● AIM OF THE EXERCISE: Pictures excluded, please transcribe exactly the lines from the one with "Top Instagram Picks: #Workwear" through the end of the records below, and nothing more.

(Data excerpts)
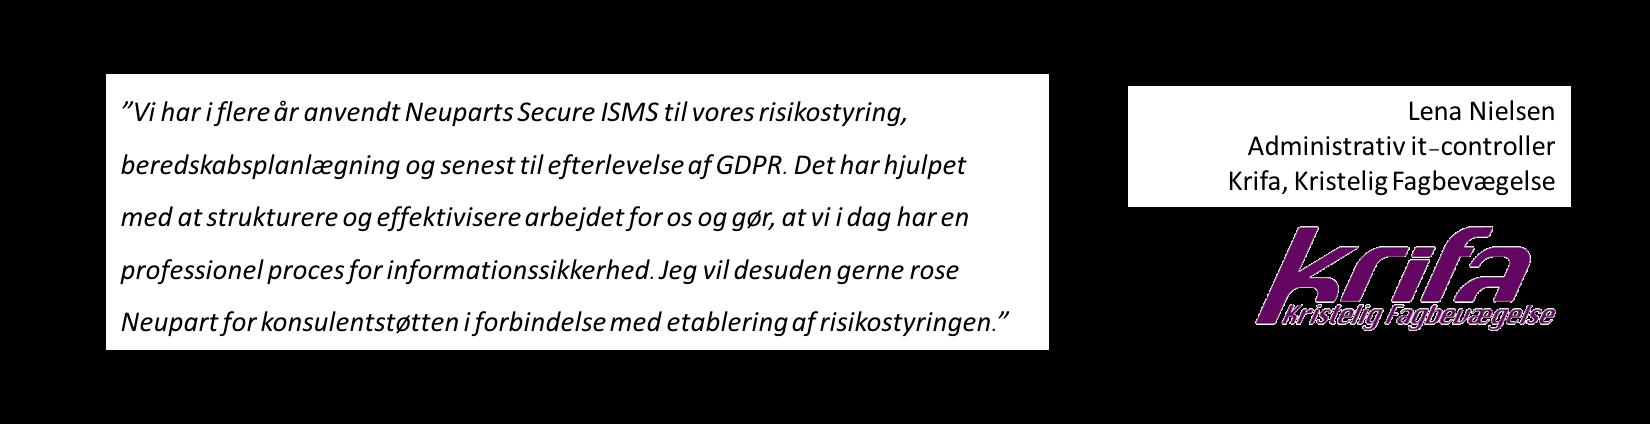 Efterlevelse af GDPR - strukturere og effektivisere - proces for informationssikkerhed
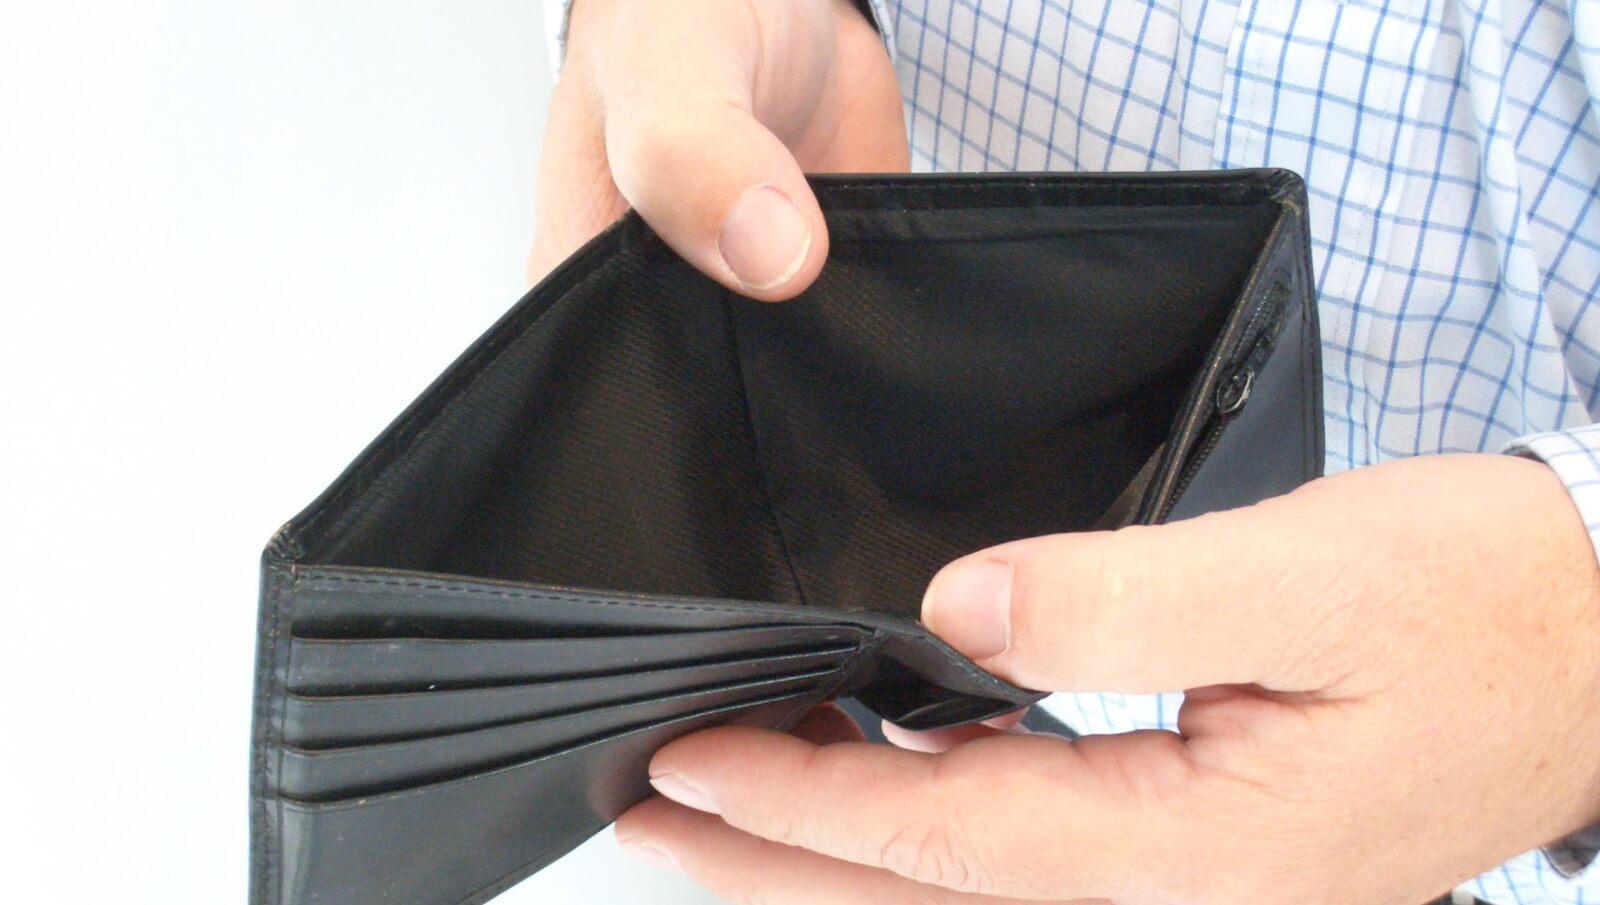 Как рассчитать компенсацию за задержку зарплаты и в какие сроки ее выплачивать
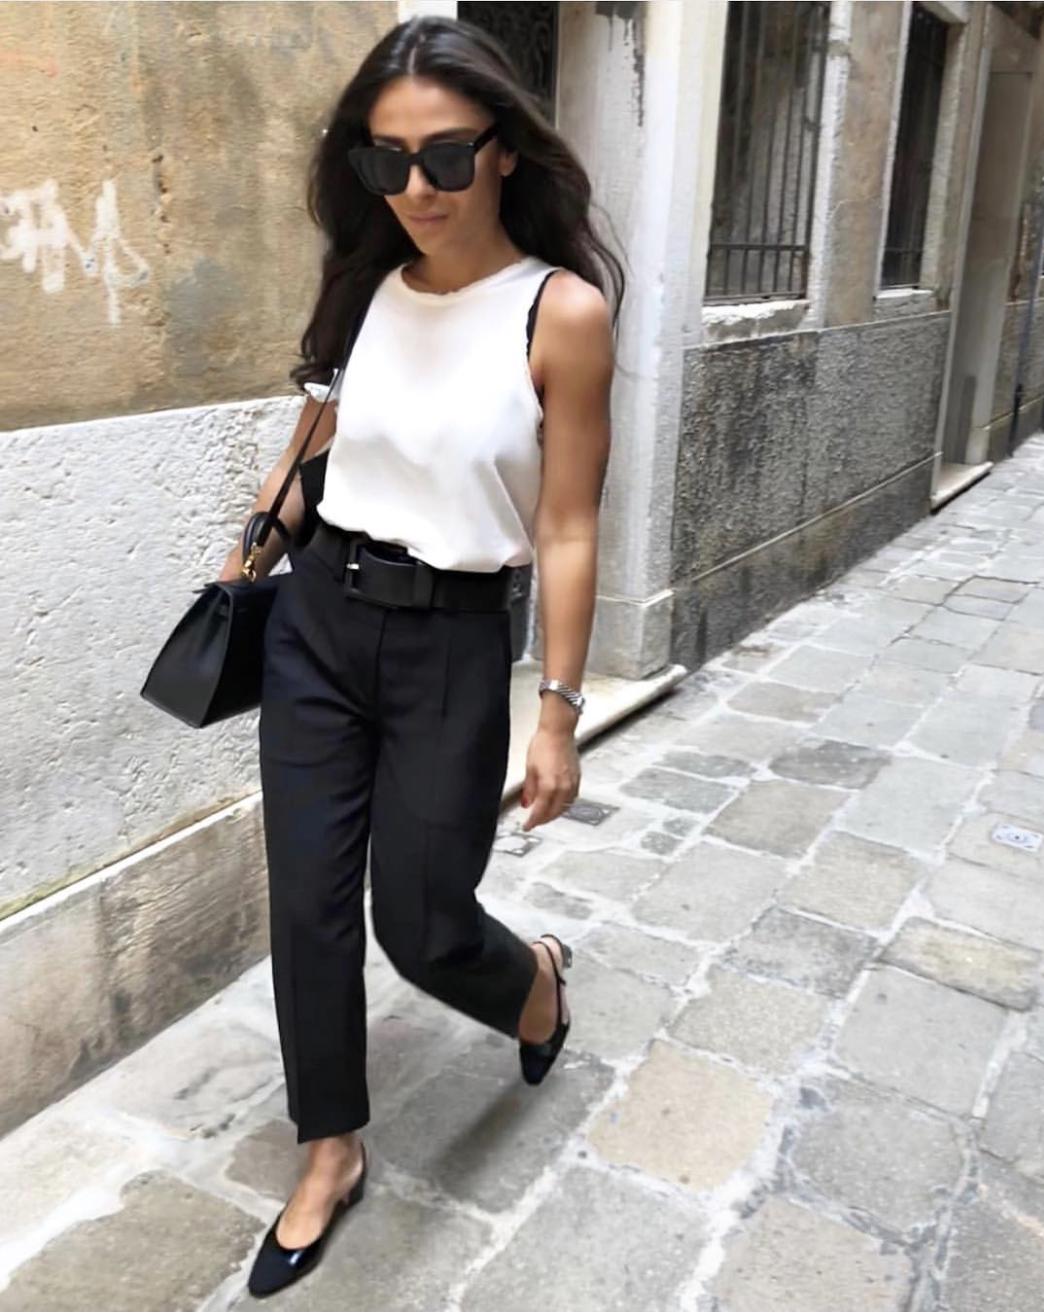 Top Instagram Picks: #Workwear Looks We Love This Week
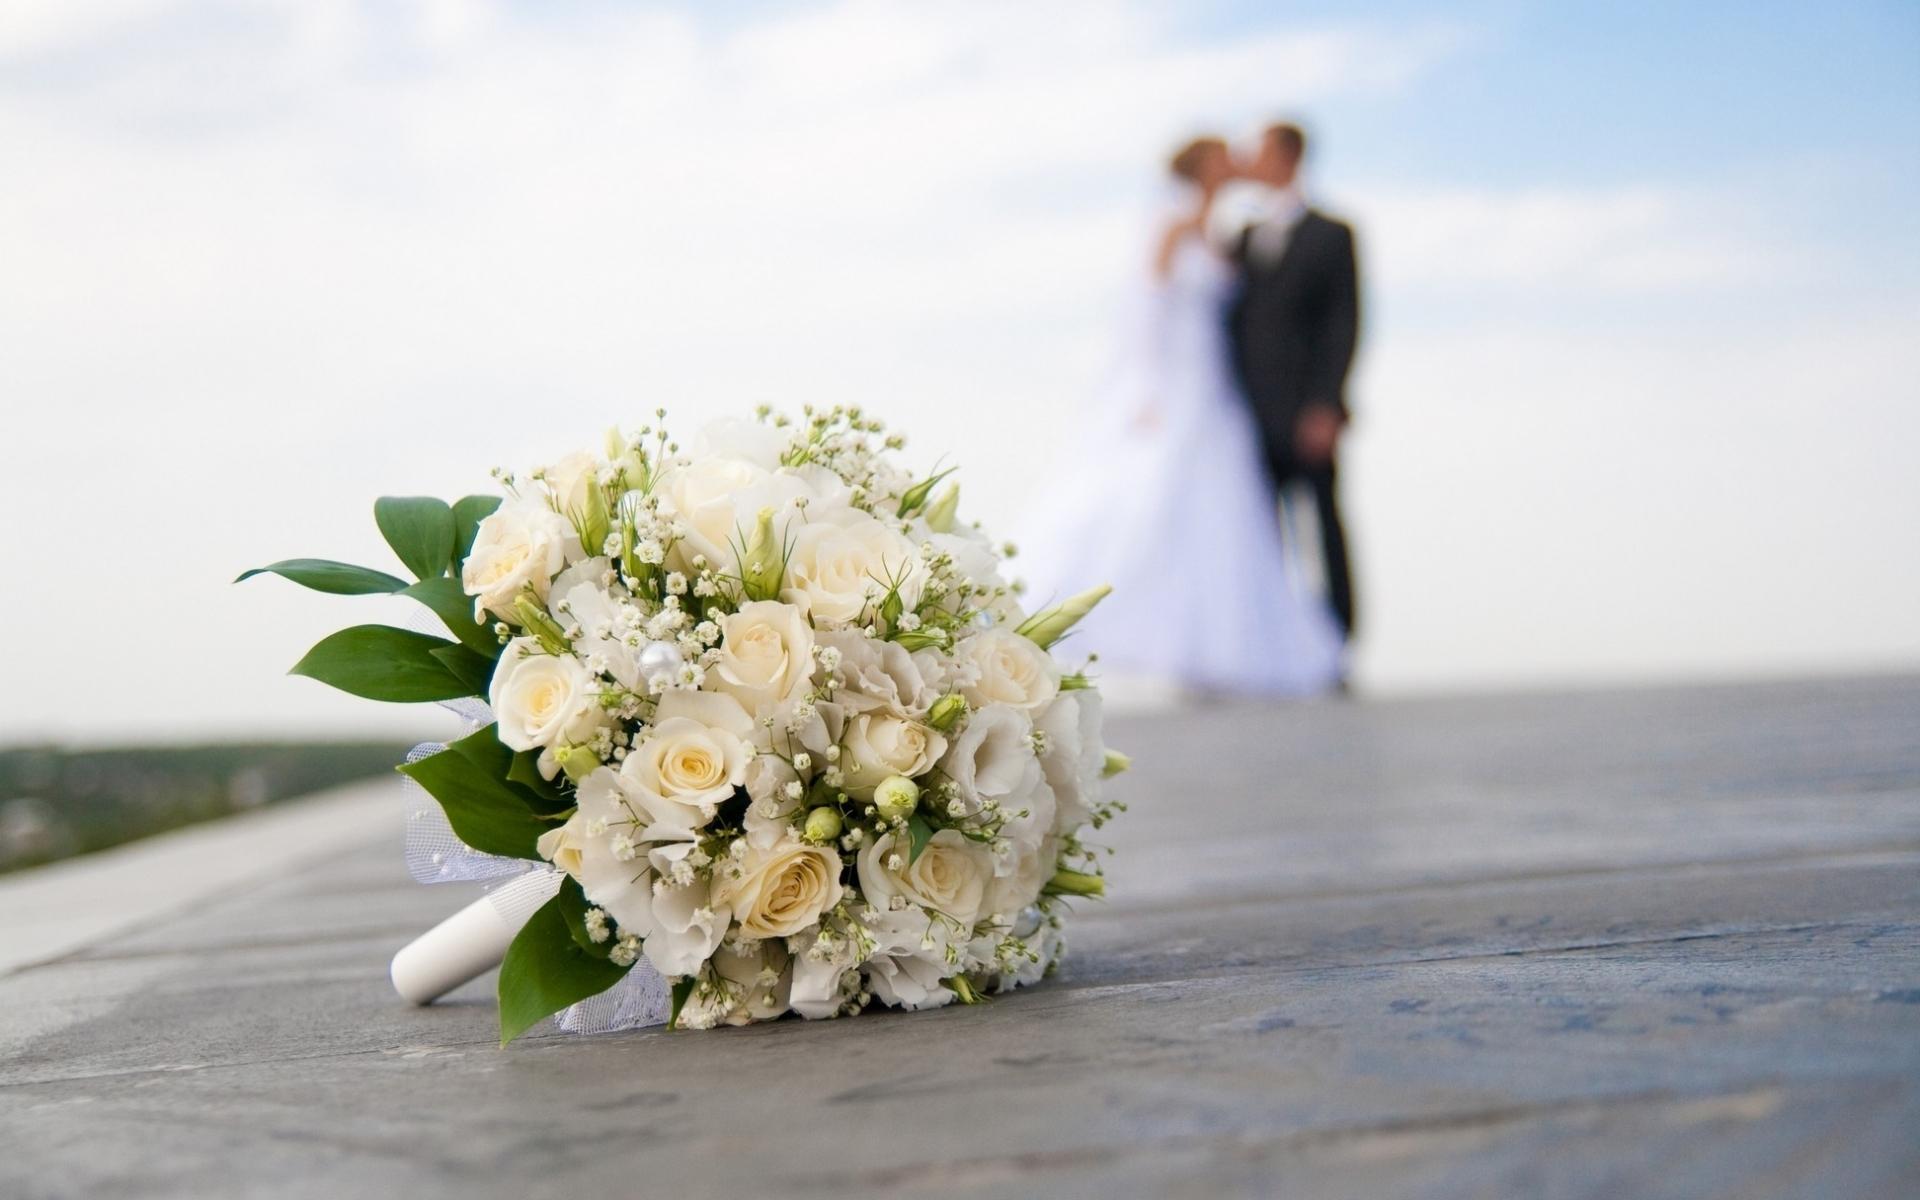 45244 скачать обои Праздники, Растения, Цветы, Свадьба - заставки и картинки бесплатно
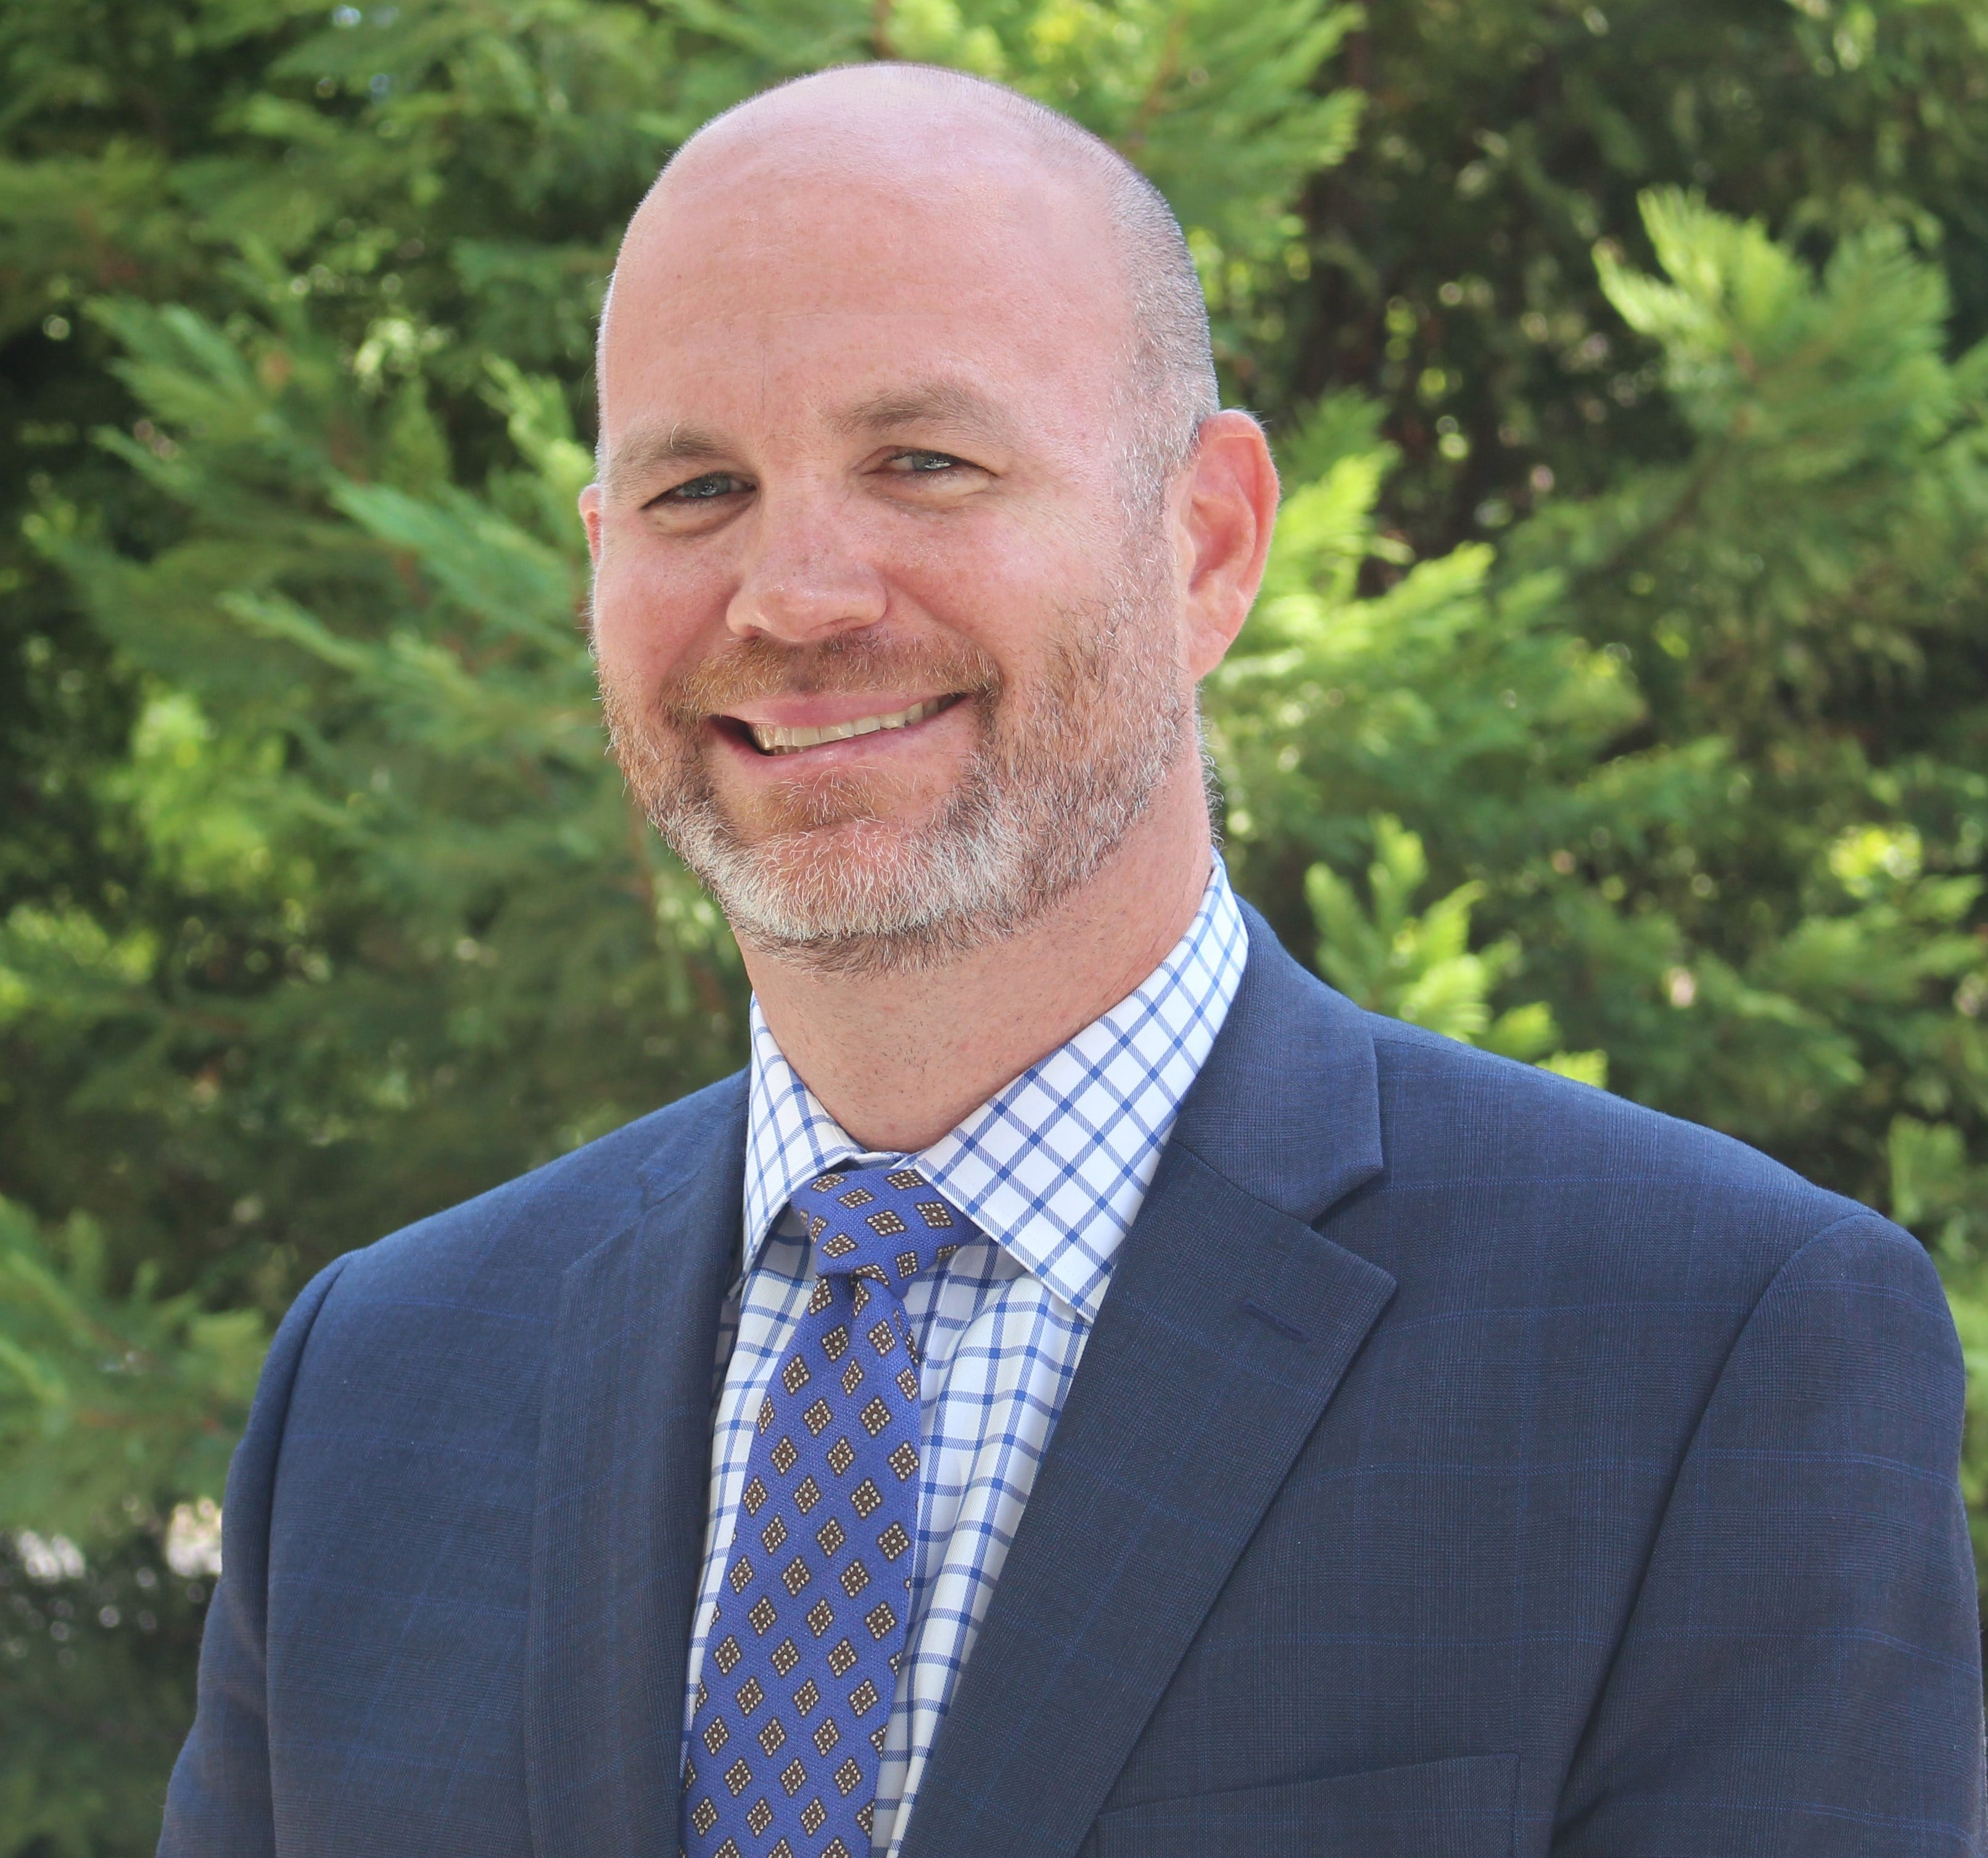 David Ritter, CVA, MBA

● SOLUTION FOR THIS PROBLEM:
 Top Instagram Picks: #Workwear Looks We Love This Week
 45244 скачать обои Праздники, Растения, Цветы, Свадьба - заставки и картинки бесплатно
 David Ritter, CVA, MBA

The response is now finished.